**DATA BELOW**

Segment Open

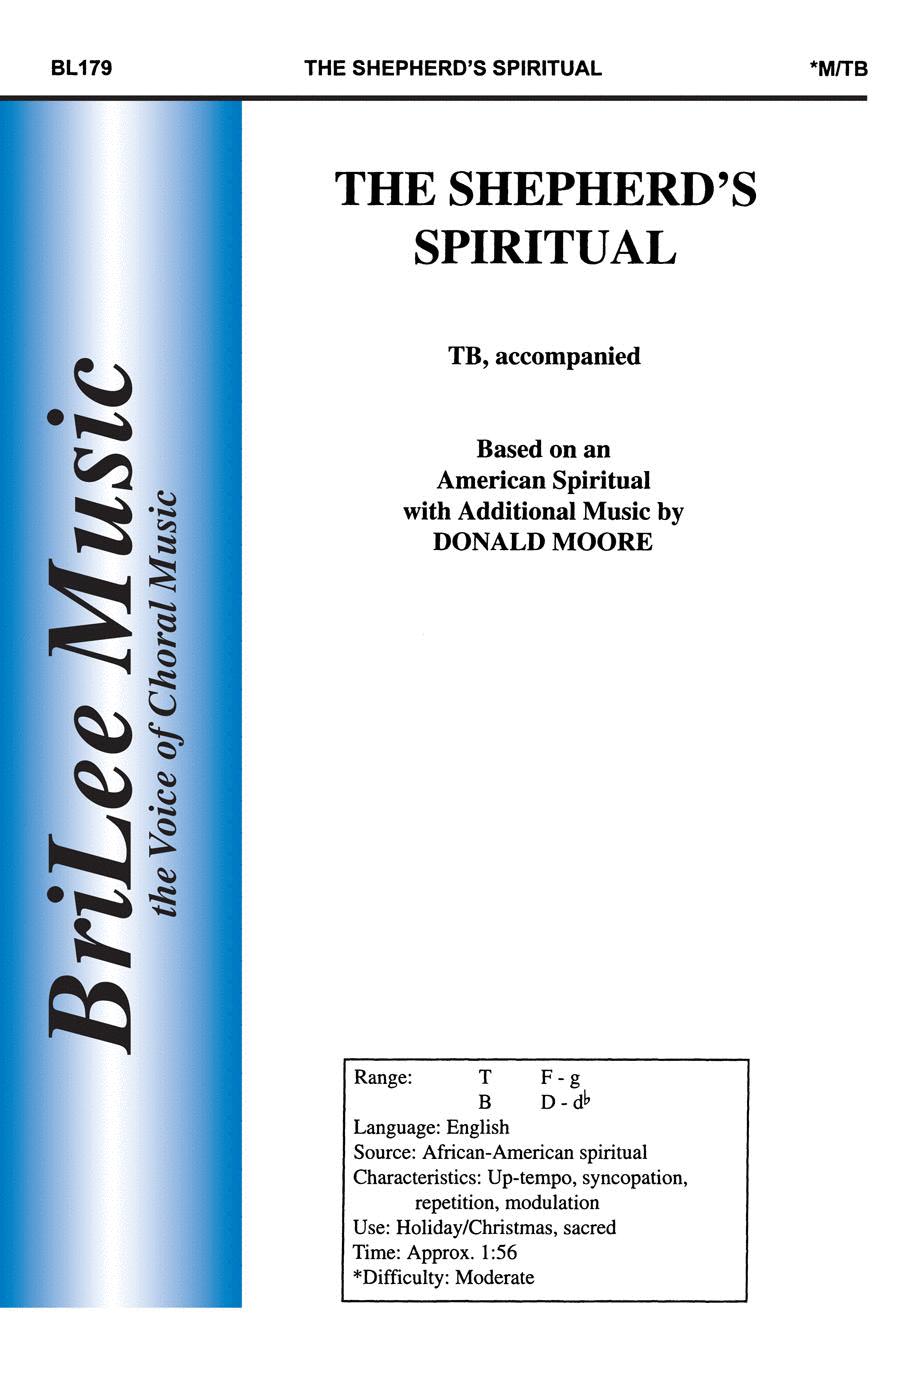 Shepherd's Spiritual
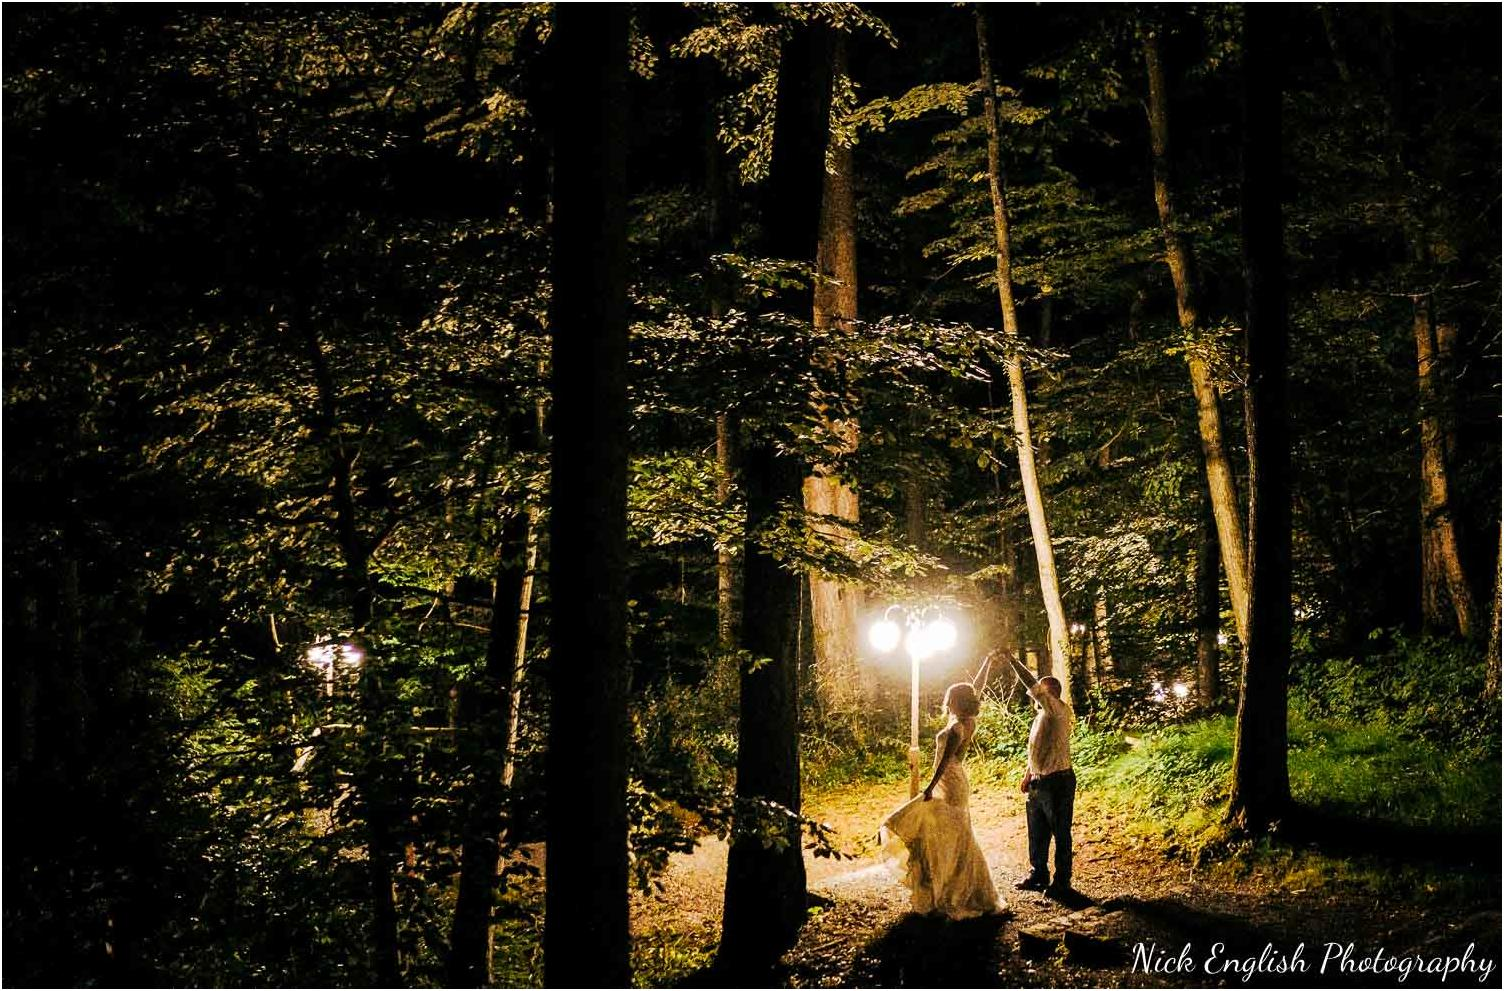 Destination_Wedding_Photographer_Slovenia_Nick_English_Photography-95.jpg
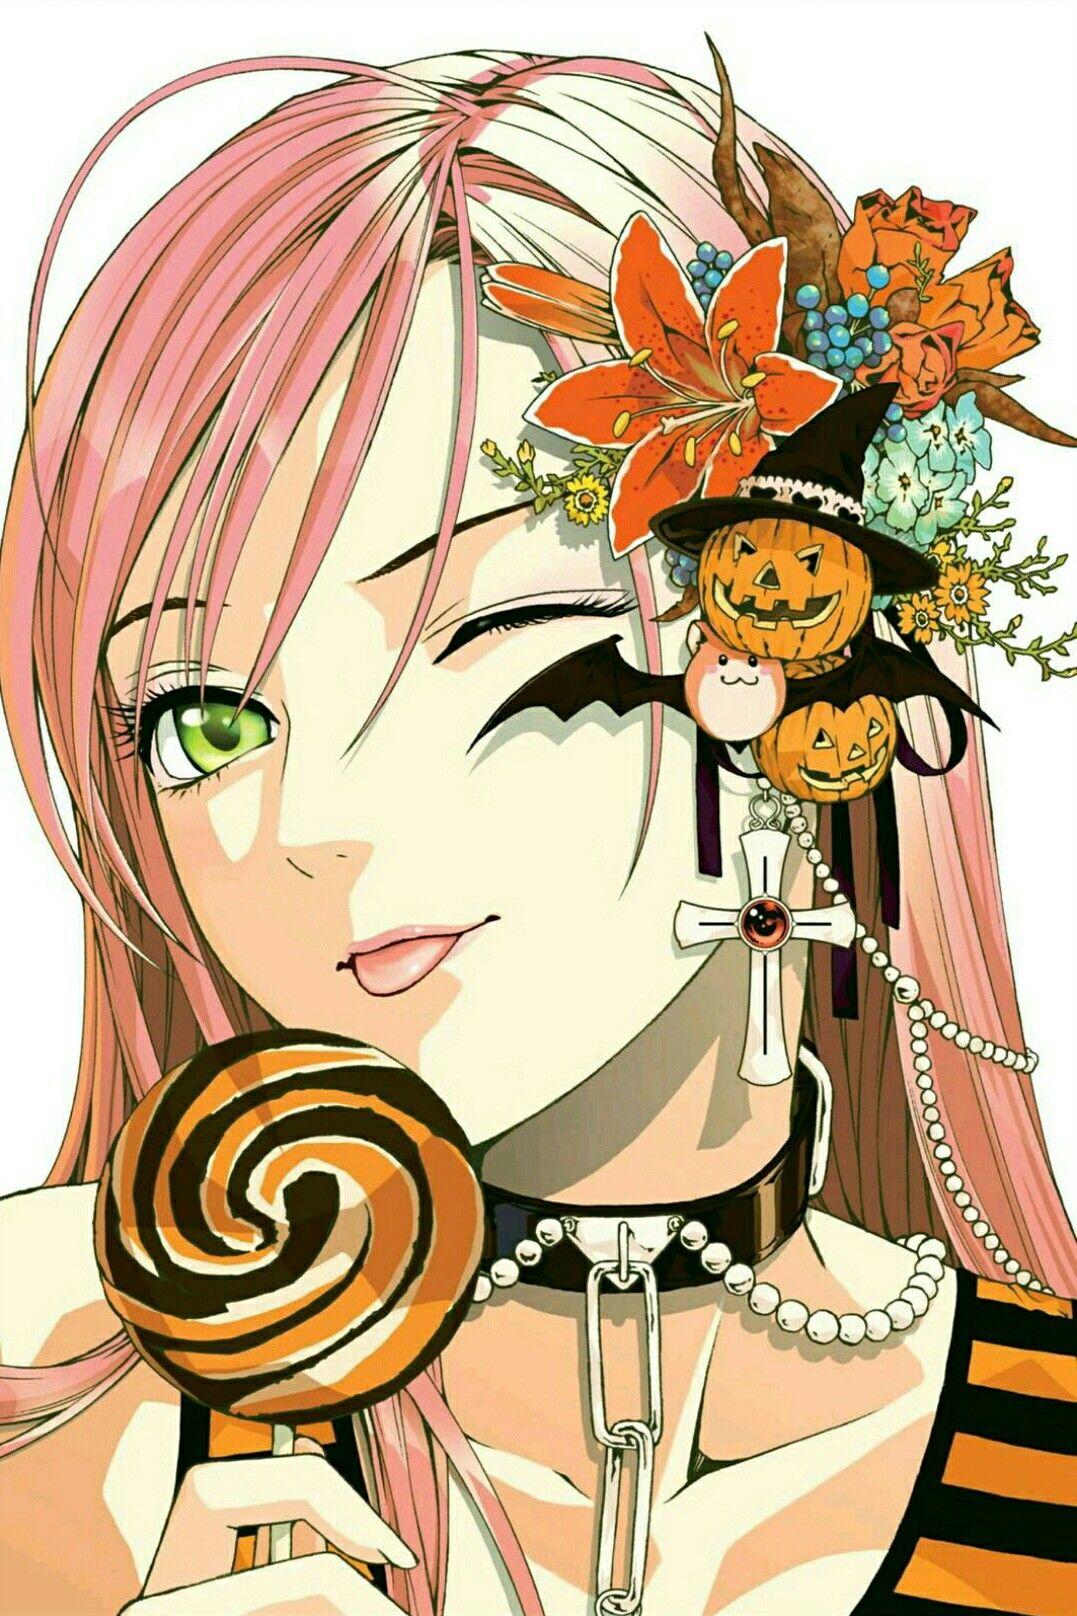 Pin by Tiu Hen on vampire/rosario Rosario vampire anime
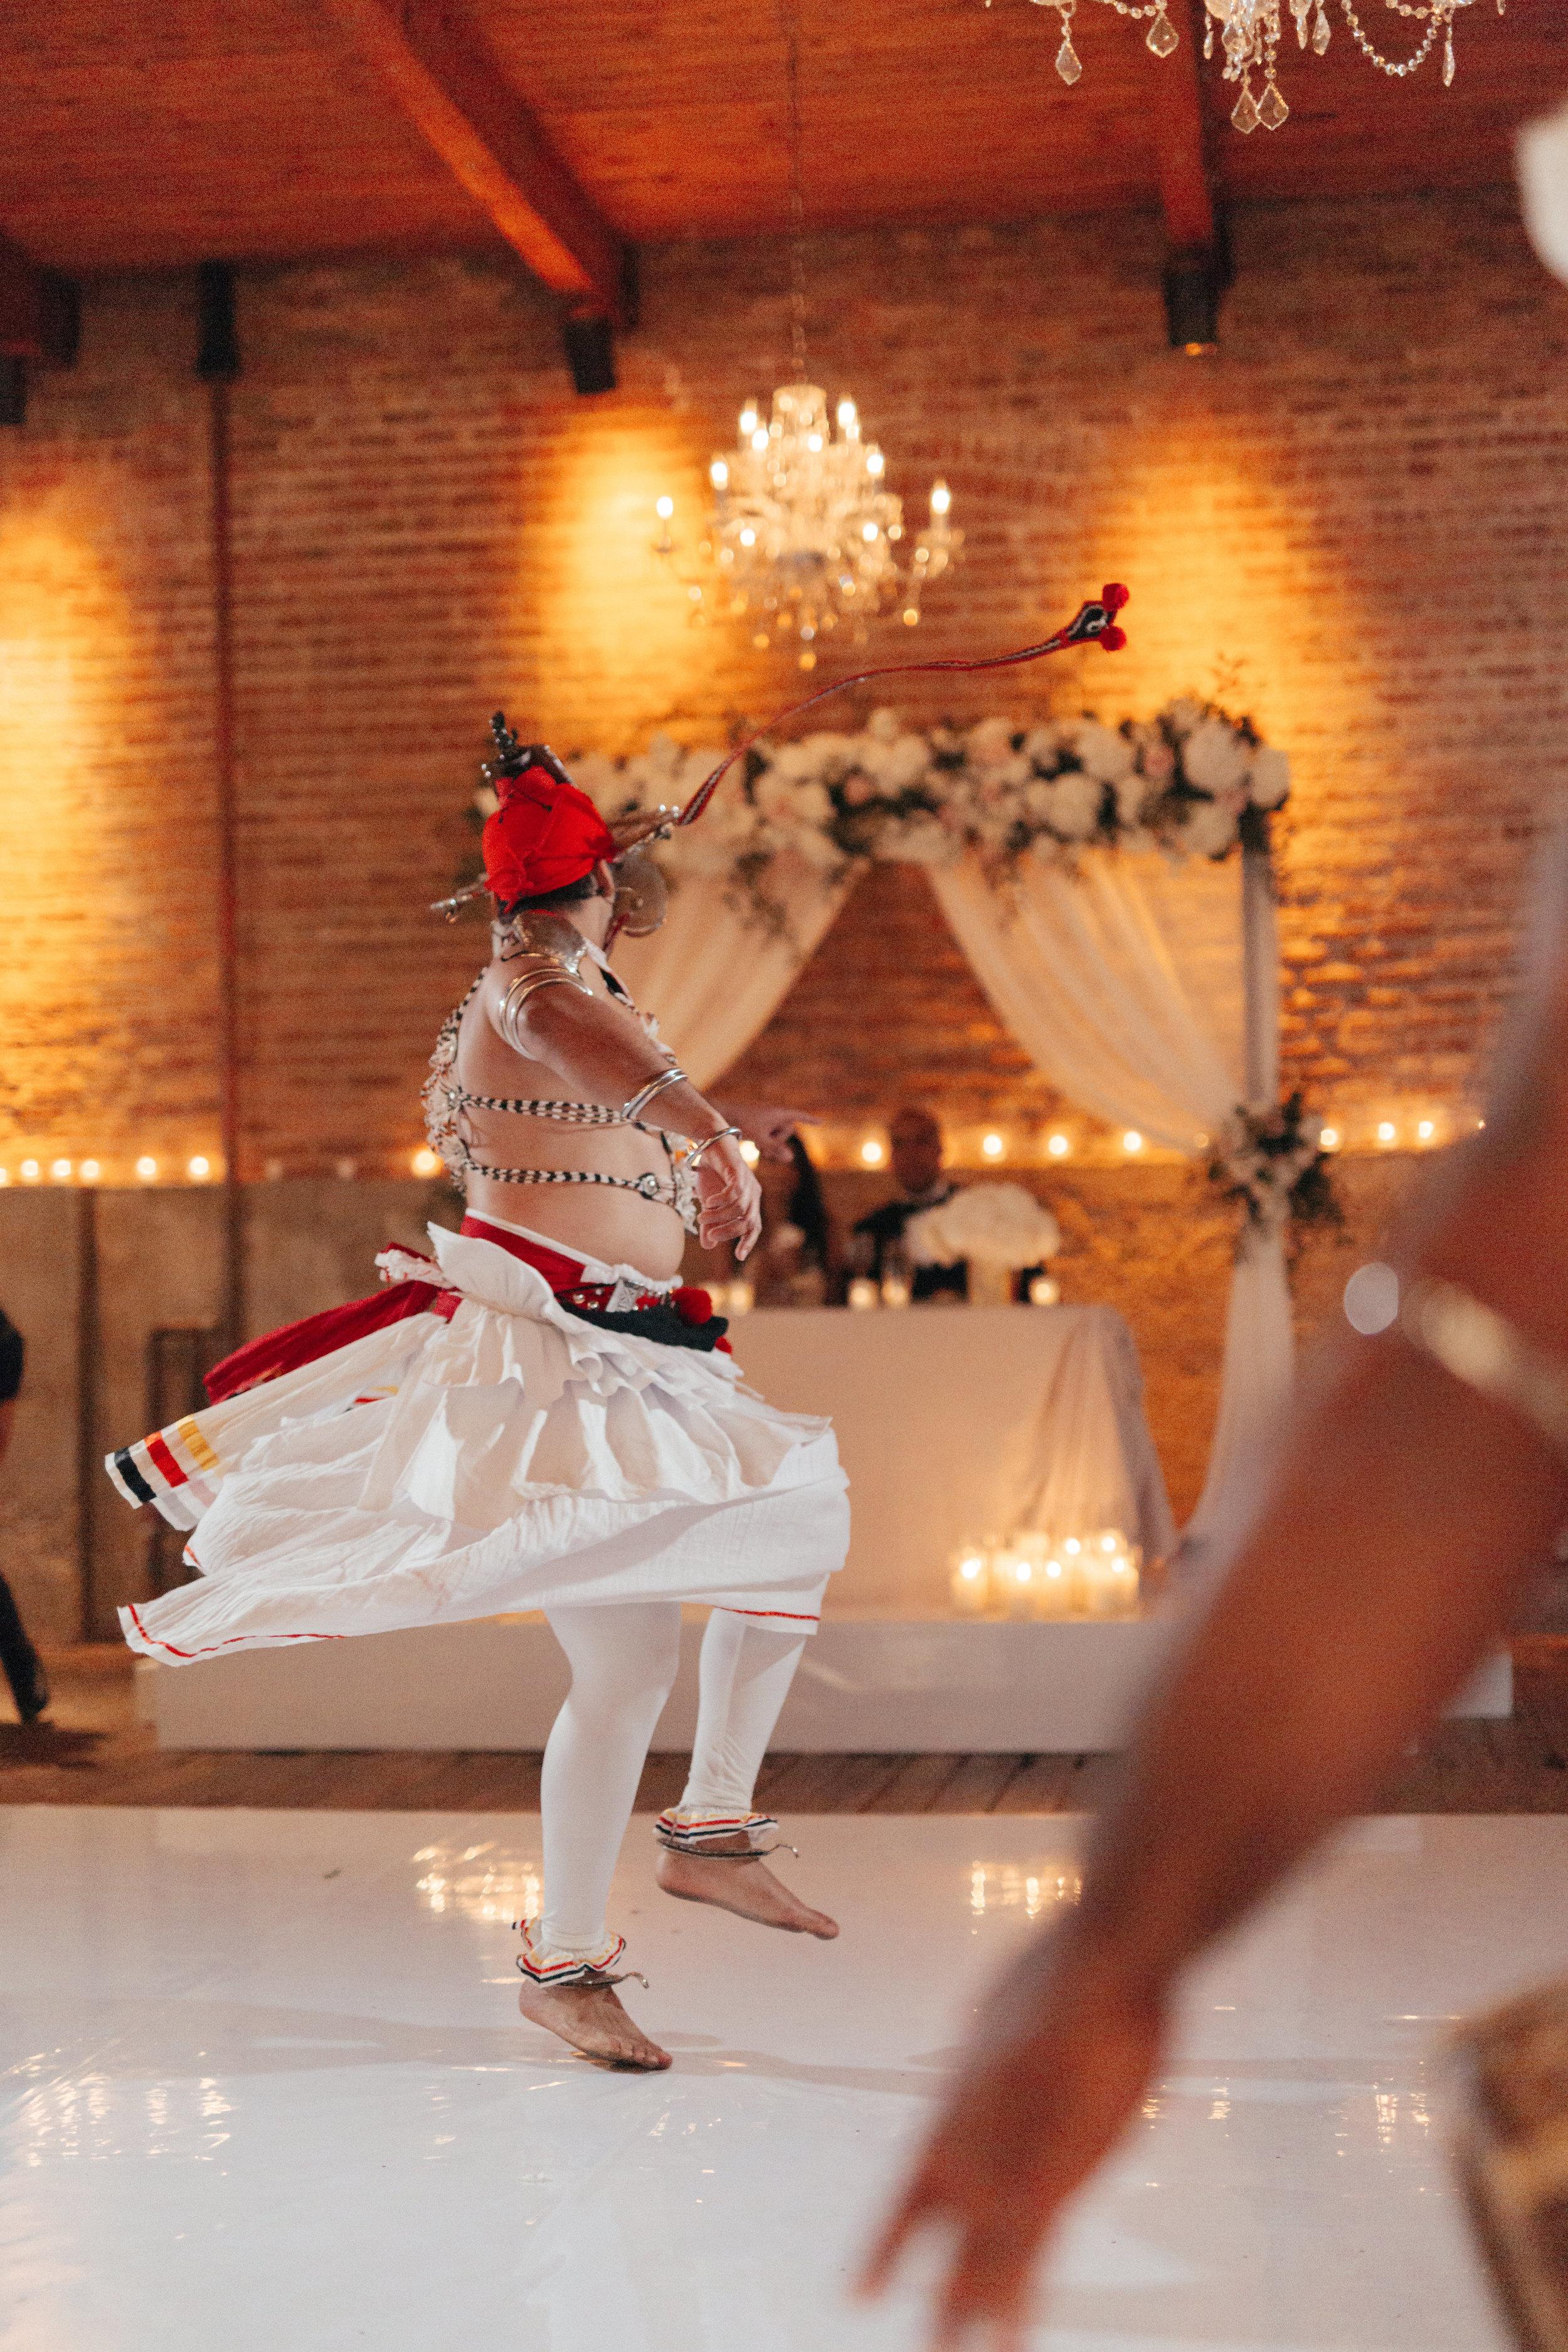 Mindy&Jared-wedding-by-LadiesAndGentlemen-by-Matija-Vuri-4949.jpg

Segment Closed

**TASK**
Set down all of the data word for word; no pictures belong in it.

**REPLY**
 Shepherd's Spiritual
 Destination_Wedding_Photographer_Slovenia_Nick_English_Photography-95.jpg
 Pin by Tiu Hen on vampire/rosario Rosario vampire anime
 Mindy&Jared-wedding-by-LadiesAndGentlemen-by-Matija-Vuri-4949.jpg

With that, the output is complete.